■ **What the task asks**: Starting at the line that contains "Japanese Masamune Kitchen", please transcribe every line through the end of the entries, exactly and with no pictures.

■ **Exercise material**:
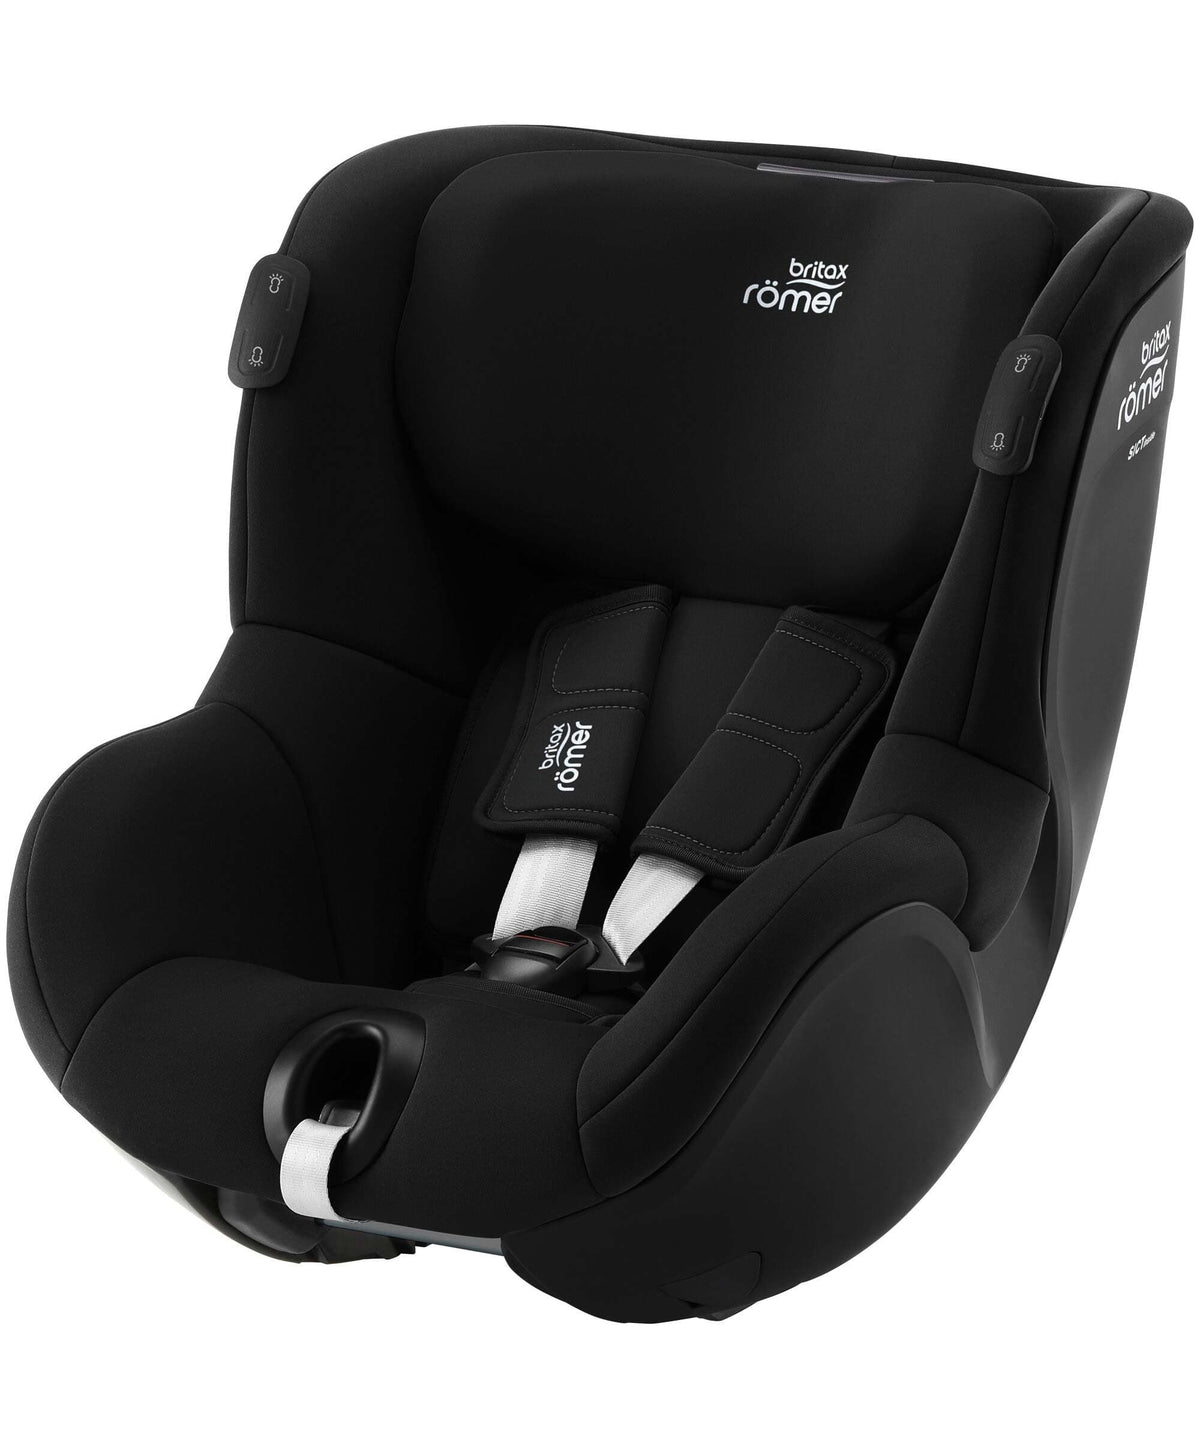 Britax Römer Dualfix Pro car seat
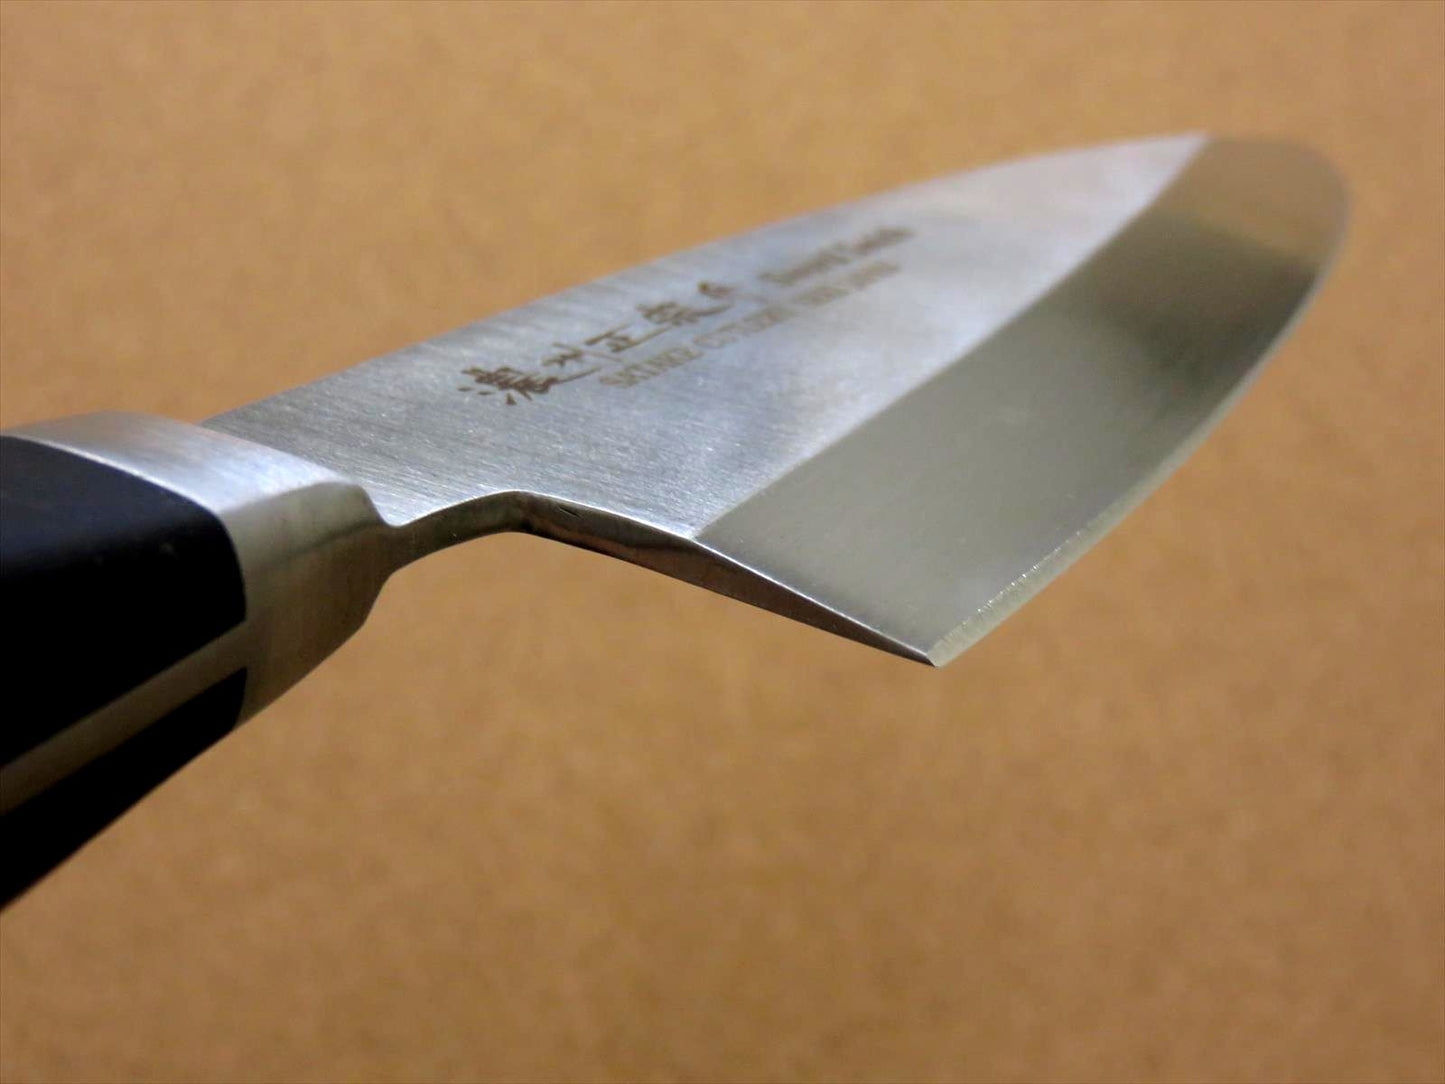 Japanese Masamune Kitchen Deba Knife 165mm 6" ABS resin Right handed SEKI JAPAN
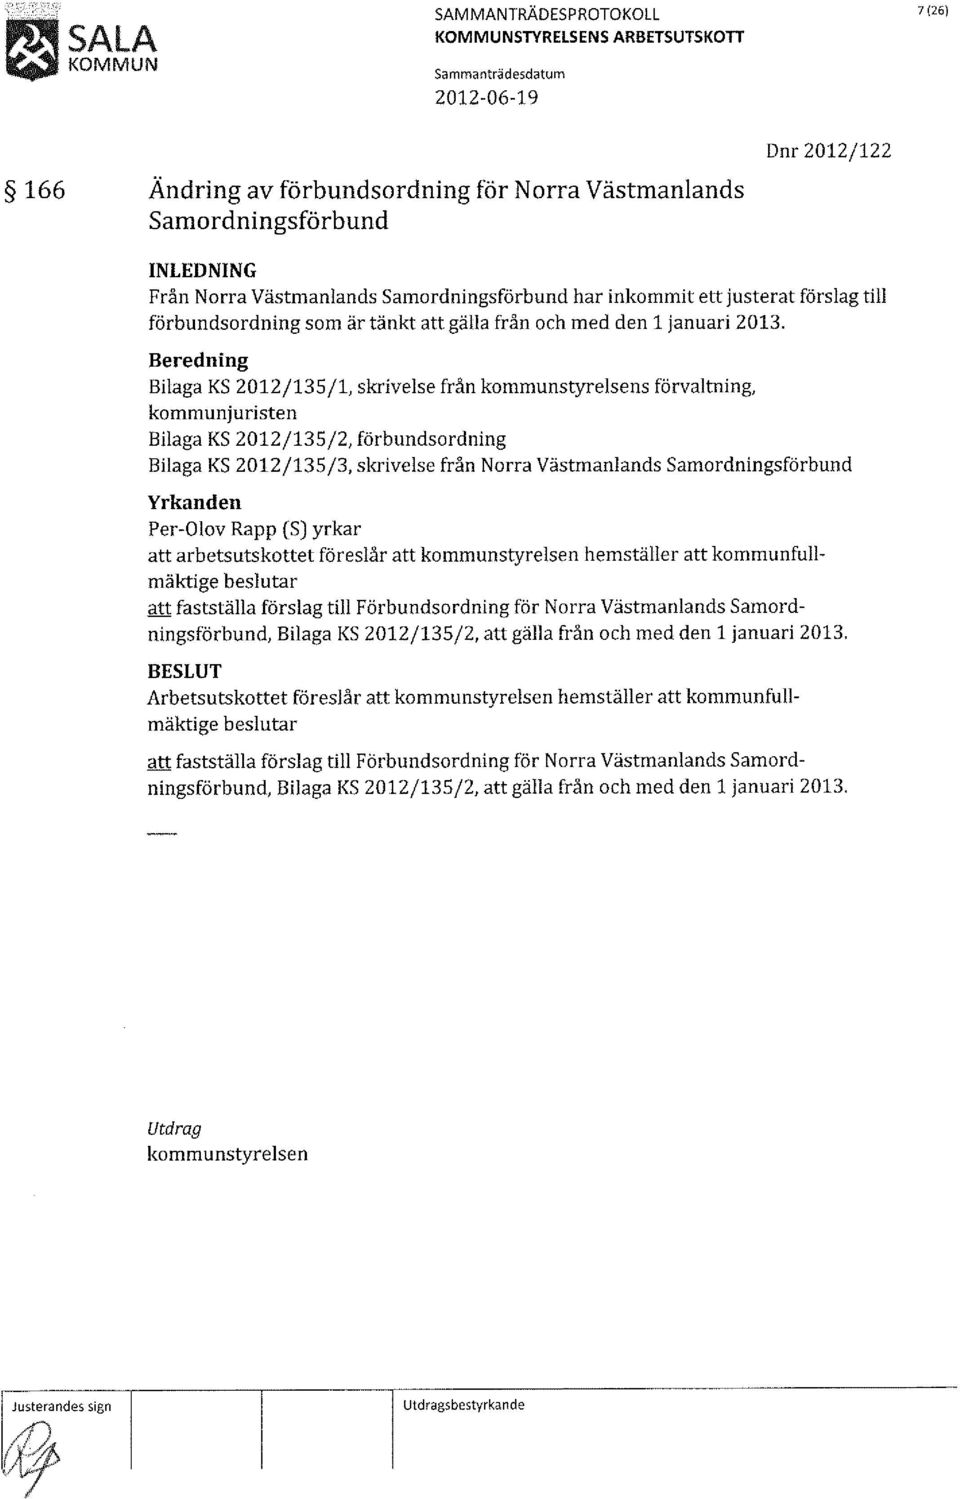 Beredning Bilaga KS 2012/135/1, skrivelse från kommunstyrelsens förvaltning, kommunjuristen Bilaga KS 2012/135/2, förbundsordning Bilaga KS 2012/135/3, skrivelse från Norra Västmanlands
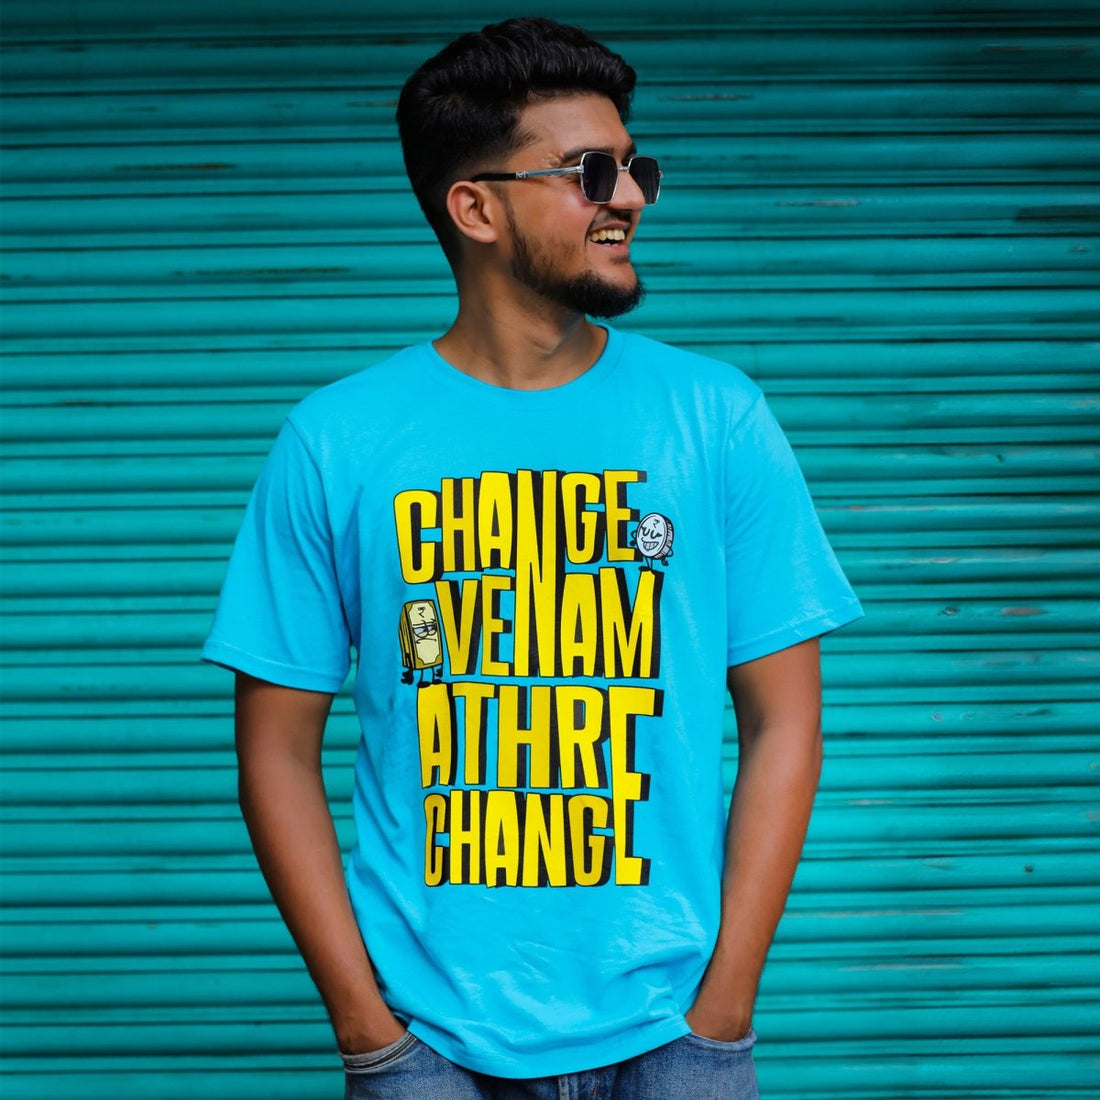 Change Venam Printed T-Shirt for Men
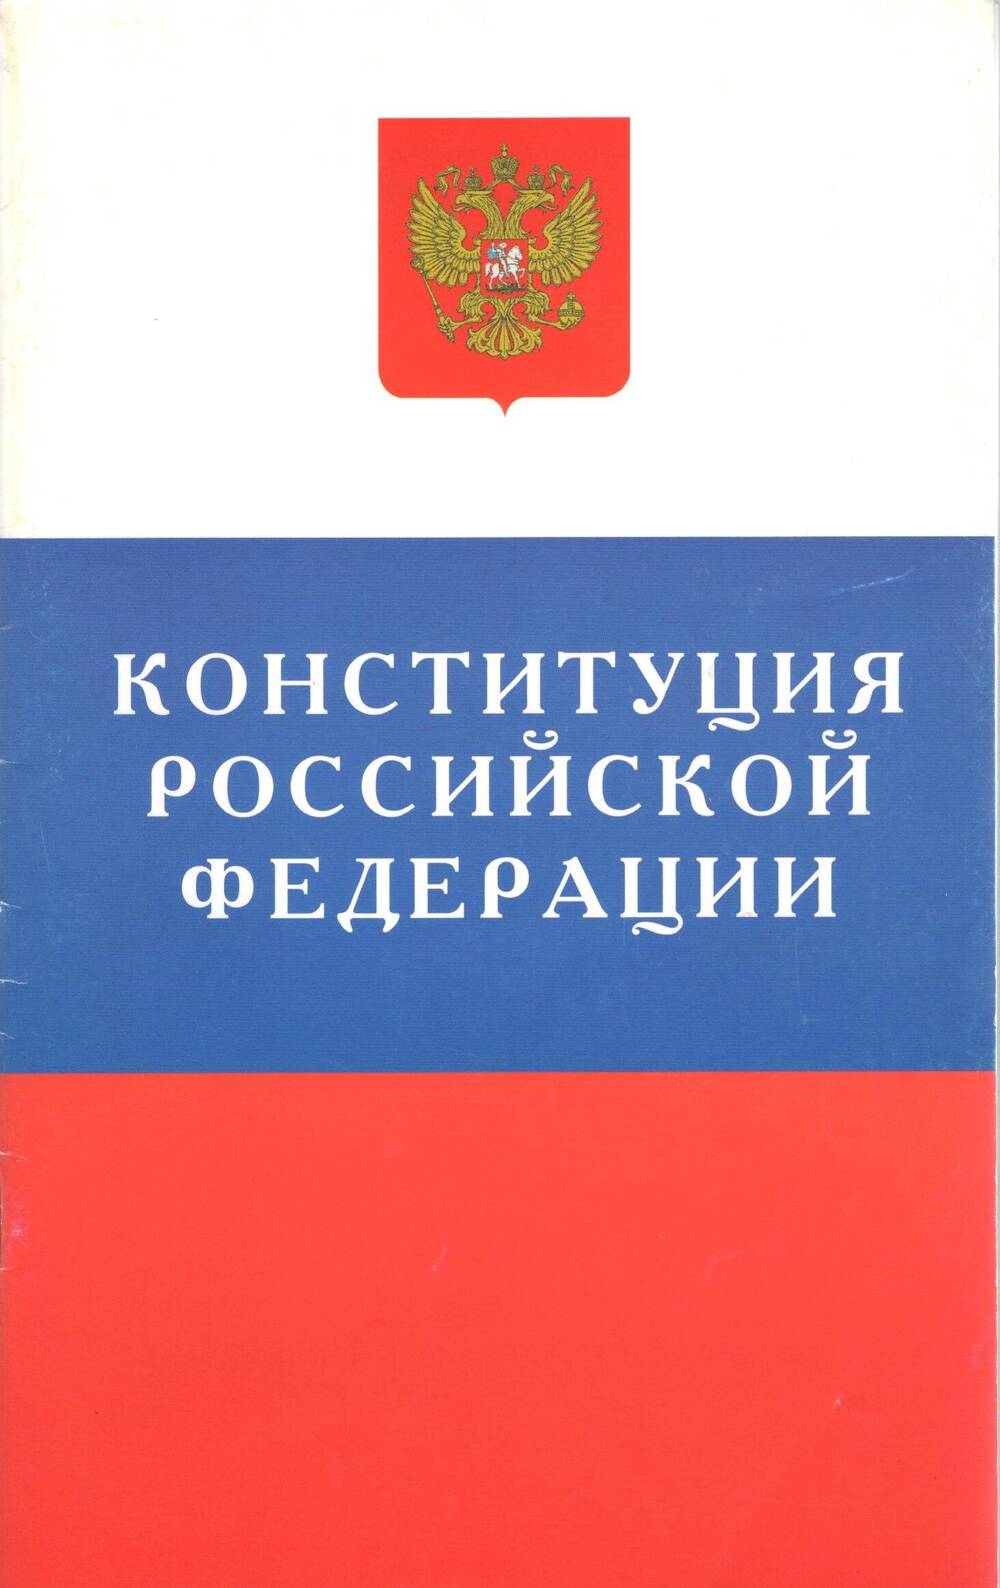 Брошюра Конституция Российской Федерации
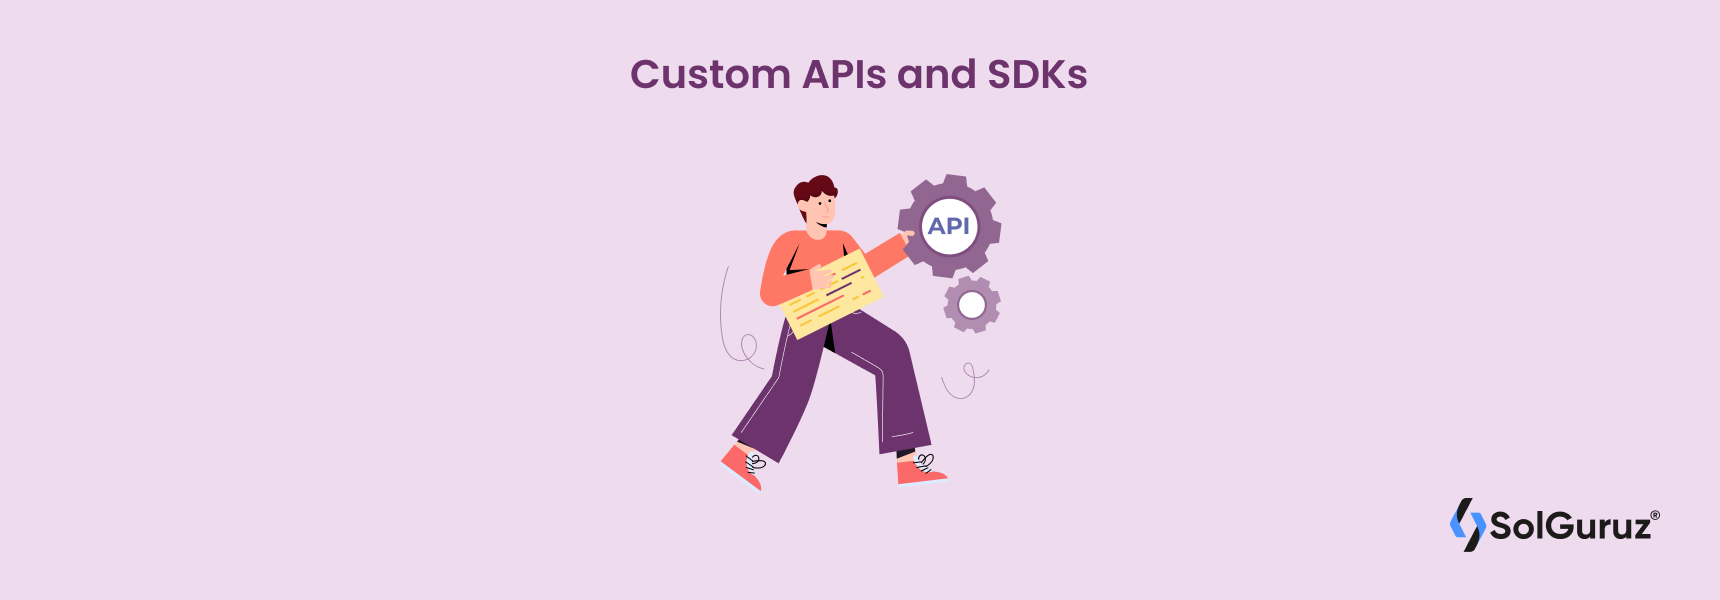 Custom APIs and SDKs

■ **Answer box**:
 Japanese Masamune Kitchen Deba Knife 165mm 6" ABS resin Right handed SEKI JAPAN
 Beredning Bilaga KS 2012/135/1, skrivelse från kommunstyrelsens förvaltning, kommunjuristen Bilaga KS 2012/135/2, förbundsordning Bilaga KS 2012/135/3, skrivelse från Norra Västmanlands
 Change Venam Printed T-Shirt for Men
 Брошюра Конституция Российской Федерации
 Custom APIs and SDKs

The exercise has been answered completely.